# Thread: A tough definite integral

1. ## A tough definite integral

Is there any elementary reasoning to get $\displaystyle \displaystyle\int^1_0 \sqrt{x(1-x)}\ dx = \pi/8$? The actual antiderivative is too long, and I don't think computing it is the right approach for the question I am working on. Could there be a polar coordinate transformation? Since the answer has a $\displaystyle \pi$ in it. I just need a tiny hint, thanks.

2. Originally Posted by Crescent
Is there any elementary reasoning to get $\displaystyle \displaystyle\int^1_0 \sqrt{x(1-x)}\ dx = \pi/8$? The actual antiderivative is too long, and I don't think computing it is the right approach for the question I am working on. Could there be a polar coordinate transformation? Since the answer has a $\displaystyle \pi$ in it. I just need a tiny hint, thanks.

Note that $\displaystyle \displaystyle \int_0^1\sqrt{x(1-x)}dx=\frac{1}{2}\int_{-1}^{1}\sqrt{\left(x-\frac{1}{2}\right)^2-\frac{1}{2^2}}dx$, trying interpreting this geometrically as the area of a common shape.

3. Originally Posted by Drexel28
Note that $\displaystyle \displaystyle \int_0^1\sqrt{x(1-x)}dx=\frac{1}{2}\int_{-1}^{1}\sqrt{\left(x-\frac{1}{2}\right)^2-\frac{1}{2^2}}dx$, trying interpreting this geometrically as the area of a common shape.
Thanks for the hint! I used the result that $\displaystyle \sqrt{x(1-x)}=\sqrt{-(x-\frac{1}{2})^2+\frac{1}{4}}$ and the square root of parabola with negative leading coefficient and maximum point of positive coordinates is an ellipse (circle in this case) to get the result, that seems more intuitive to me.

4. Originally Posted by Crescent
Thanks for the hint! I used the result that $\displaystyle \sqrt{x(1-x)}=\sqrt{-(x-\frac{1}{2})^2+\frac{1}{4}}$ and the square root of parabola with negative leading coefficient and maximum point of positive coordinates is an ellipse (circle in this case) to get the result, that seems more intuitive to me.
Correct!
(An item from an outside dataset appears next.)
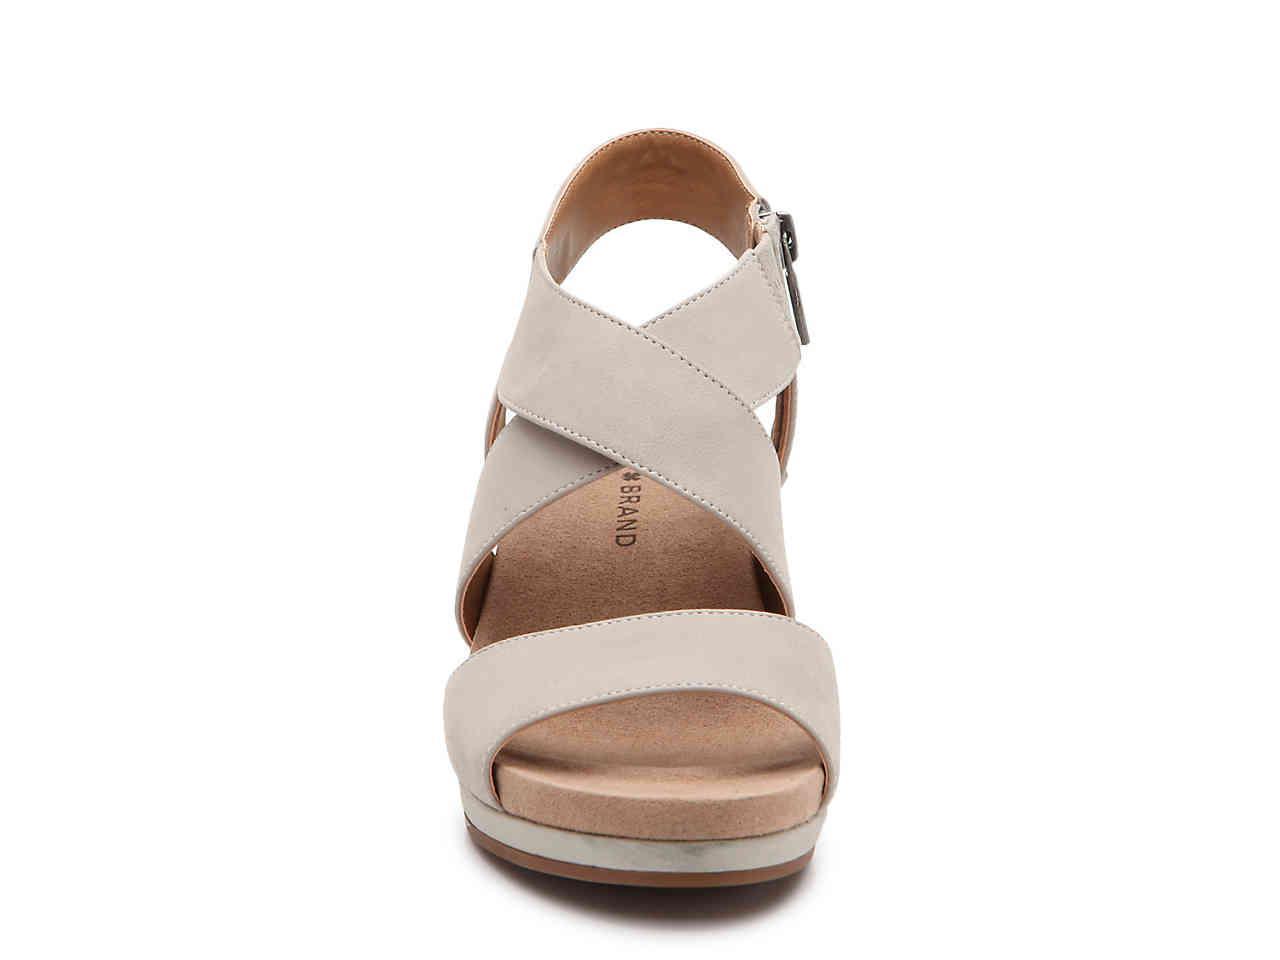 81ad5ccfb0 Lucky Brand Kakina Wedge Sandal in Gray - Lyst

So you can (sorry for forgetting the negative) realize this integral as the area of a semi-circle.

5. Does the fact that the integrand has the same value for both limits not help at all?

$\displaystyle \displaystyle \sqrt{x(1-x)}\bigg|_{x=0} = \sqrt{x(1-x)}\bigg|_{x=1}$ ... it's probably just a useless observation.
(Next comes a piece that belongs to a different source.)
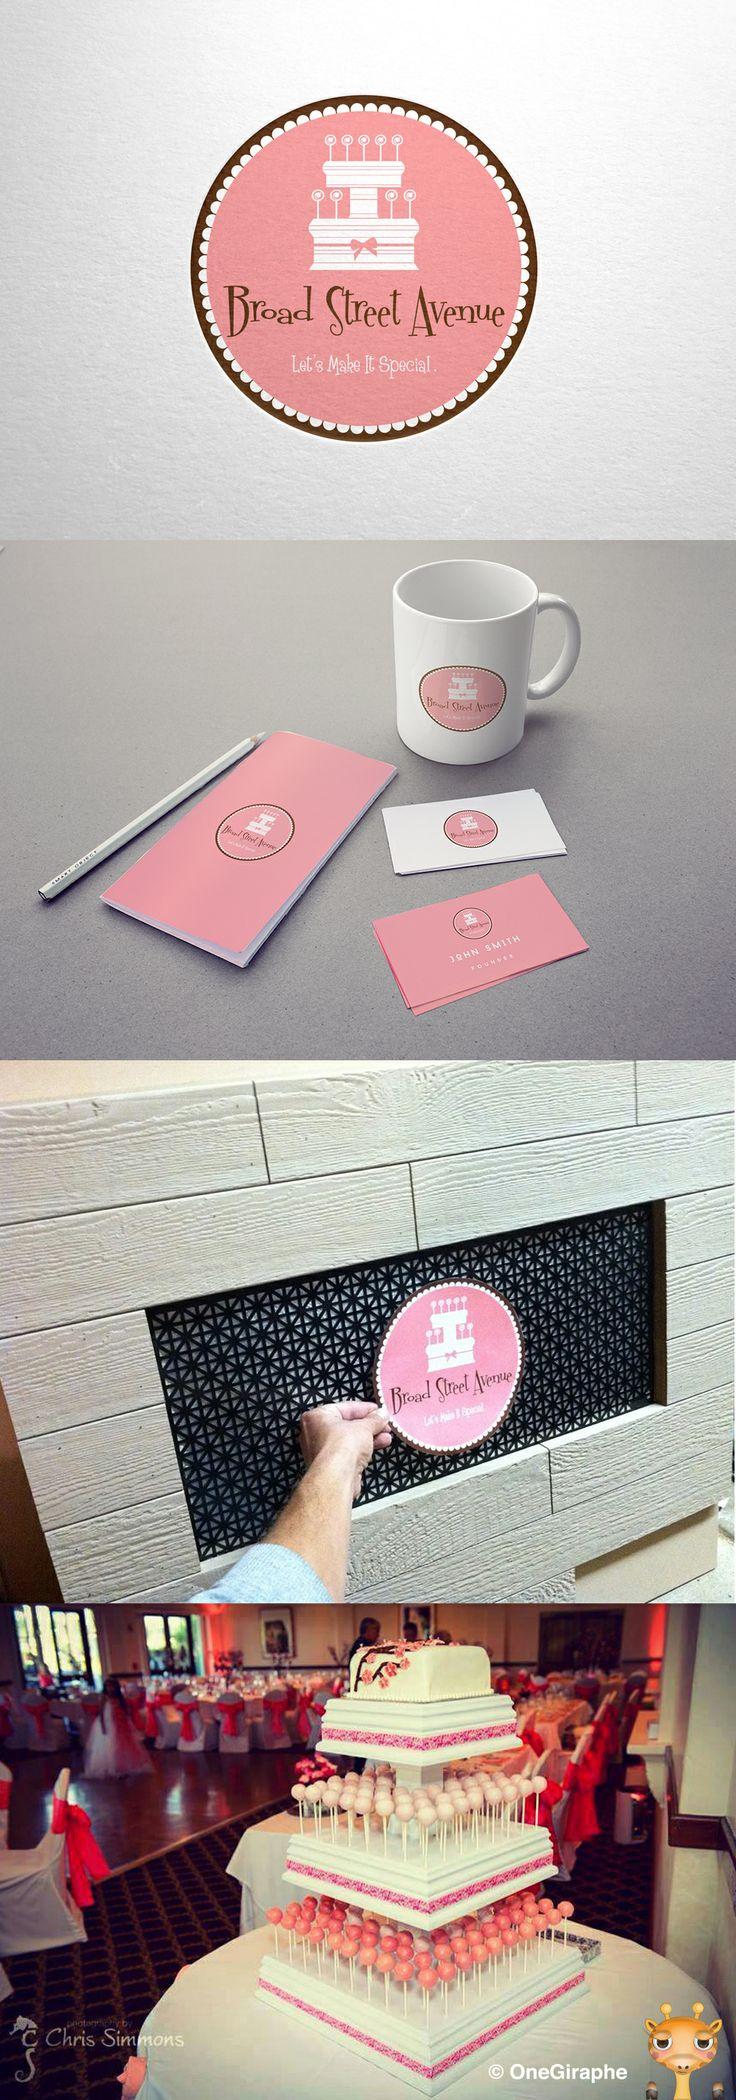 Broad Street Avenue #logo #logodesign #design #graphicdesign #portfolio #designer #cake #cupcake #macaroon #cakepops #stand #wood #store #sweet #pink

6. It tells you the graph is symmetric about x= 1/2. (It is, of course, a circle).

7. since i am newbie to this forum so it will take sometime to write $\displaystyle \displaystyle \sqrt{x(1-x)}\bigg|_{x=0} = \sqrt{x(1-x)}\bigg|_{x=1}$ in this style but it is very easy if u take polar coordinates........ just take $\displaystyle x=\sin^2 \theta$ and solve it u will get limit as lower limit=0 and upper limit = $\displaystyle \pi/2$.

8. Originally Posted by sushant1221
since i am newbie to this forum so it will take sometime to write $\displaystyle \displaystyle \sqrt{x(1-x)}\bigg|_{x=0} = \sqrt{x(1-x)}\bigg|_{x=1}$ in this style but it is very easy if u take polar coordinates........ just take $\displaystyle x=\sin^2 \theta$ and solve it u will get limit as lower limit=0 and upper limit = $\displaystyle \pi/2$.
You can definitely parameterize this integral with polar, but in essence what I said just skips the parameterization seeing what it will be.

9. That's correct, although I think Wallis's formula is a little overkill haha.